Copyright (C) 2024 Intel Corporation

SPDX-License-Identifier: MIT

============================= end_copyright_notice ===========================*/
/*
// ALGORITHM DESCRIPTION:
//
//      HIGH LEVEL OVERVIEW
//      Here we use polynomial and reciprocal calculation for 32 subintervals
//      at reduction interval.
//
//      For large arguments ( |a[i]| >= LARGE_ARG_HIBITS,
//      ( where LARGE_ARG_HIBITS = 16 high bits of 12800.0 value )
//      the Payne/Hanek "pre-reduction" performed.
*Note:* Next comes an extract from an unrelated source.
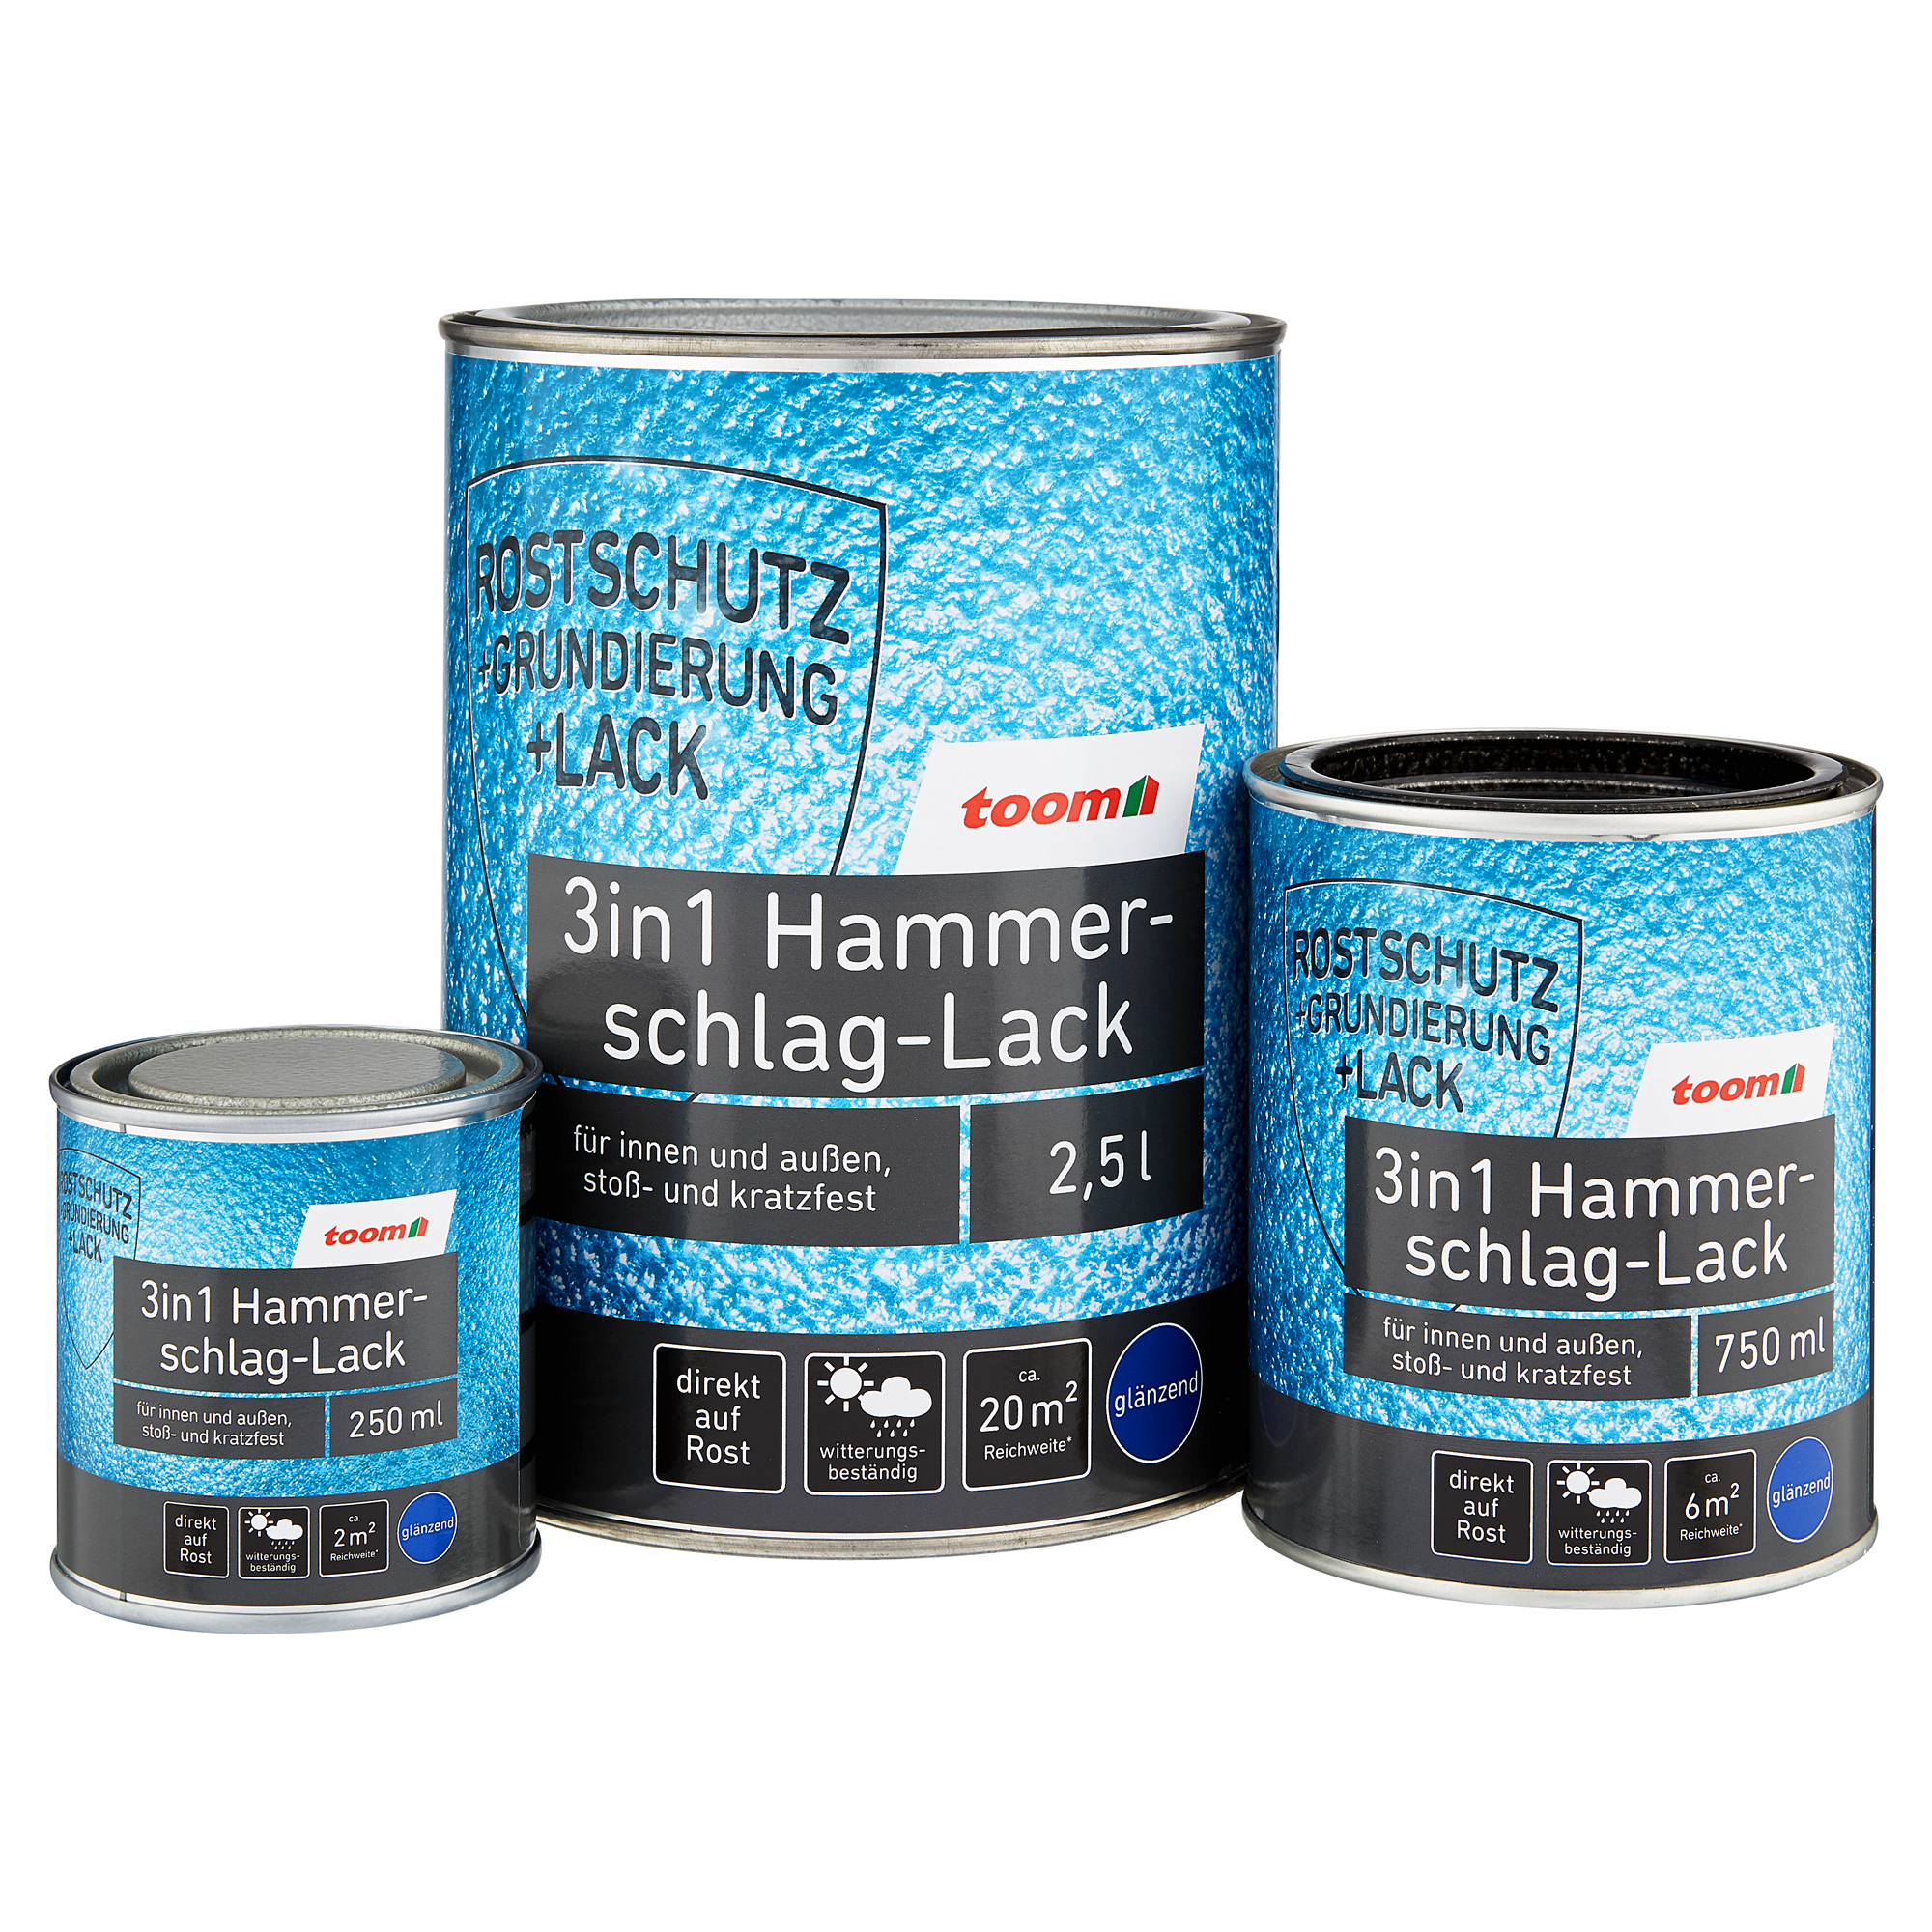 3in1 Hammerschlag-Lack kupferfarben glänzend 250 ml + product picture

Result of this routine
//      becomes argument for regular reduction.
//
//      The regular range reduction scheme is:
//
//          a[i] = N * pi/2^R + z
//          where R = 5 for this implementation - reduction value (2^R = 32),
//          and |z| <= pi/(2*2^R)) - this is reduced argument.
//
//      Also alternative reduction performed in parallel:
//
//          a[i] = NN * pi/2 + zz,
//          (NN = N mod 16)
//
//      The reason is getting remainder modulo Pi/2. The value zz is used
//      for reciprocal calculation.
//
//      Futher tan calculation performed by this way:
//
//         r[i] := TAU * 1/zz + C0 + C1*r + C1*c + C2*r^2 + ... + C15*r^15
//
//         (TAU - multiplier for the reciprocal 1/zz,
//         and always -1 or 0 depending on subinterval)
//
//      For tiny arguments ( |a[i]| < 2^TINY_ARG_EXP )
//      the simple separate branch used:
//
//          r[i] = a[i]
//
//      IEEE SPECIAL CONDITIONS:
//      a[i] = +/-Inf, r[i] = QNaN
//      a[i] = +/-0,   r[i] = +/-0
//      a[i] = QNaN,   r[i] = QNaN
//      a[i] = SNaN,   r[i] = QNaN
//
//
//      ALGORITHM DETAILS
//      Executable parts:
//
//      1) a[i]  = +/-Inf
//         Return r[i] := a[i]*0.0
//         and error handler called with IML_STATUS_ERRDOM error code
//
//      2) a[i]  = NaN
//         Return r[i] := a[i] * a[i]
//
//      3) Tiny arguments path
//         |a[i]| < 2^TINY_ARG_EXP,
//         where TINY_ARG_EXP = -252
//
//         3.1) a[i]  = 0.0
//              Return r[i] := a[i]
//
//         3.2) 0 < |a[i]| < 2^TINY_ARG_EXP
//              Return r[i] := TWOp55 * ( TWOpM55*a[i] - a[i] ),
//              where TWOp55 = 2^55, TWOpM55 = 2^-55
//
//              Here is path where underflow or denormal exceptions can happen
//              during intermediate computations.
//              For correct work in all rounding modes we need to
//              return a[i] - TWOpM55 * a[i]
//              To avoid disappearing of second term we using scaling
//              like this TWOp55 * ( TWOpM55*a[i] - a[i] )
//
//
//      4) Main path (the most frequently used and the most wide)
//         2^TINY_ARG_EXP <= |a[i]| < LARGE_ARG_HIBITS
//
//         a) Pre-reduction.
//
//            For large arguments |a[i]| >= LARGE_ARG_HIBITS
//            special argument pre-range-reduction routine is called:
//            NR := _vml_reduce_pio2d( a[i], rr ),
//            where NR - number of octants of pre-reduction,
//            rr[0], rr[1] - high and low parts of pre-reduced argument.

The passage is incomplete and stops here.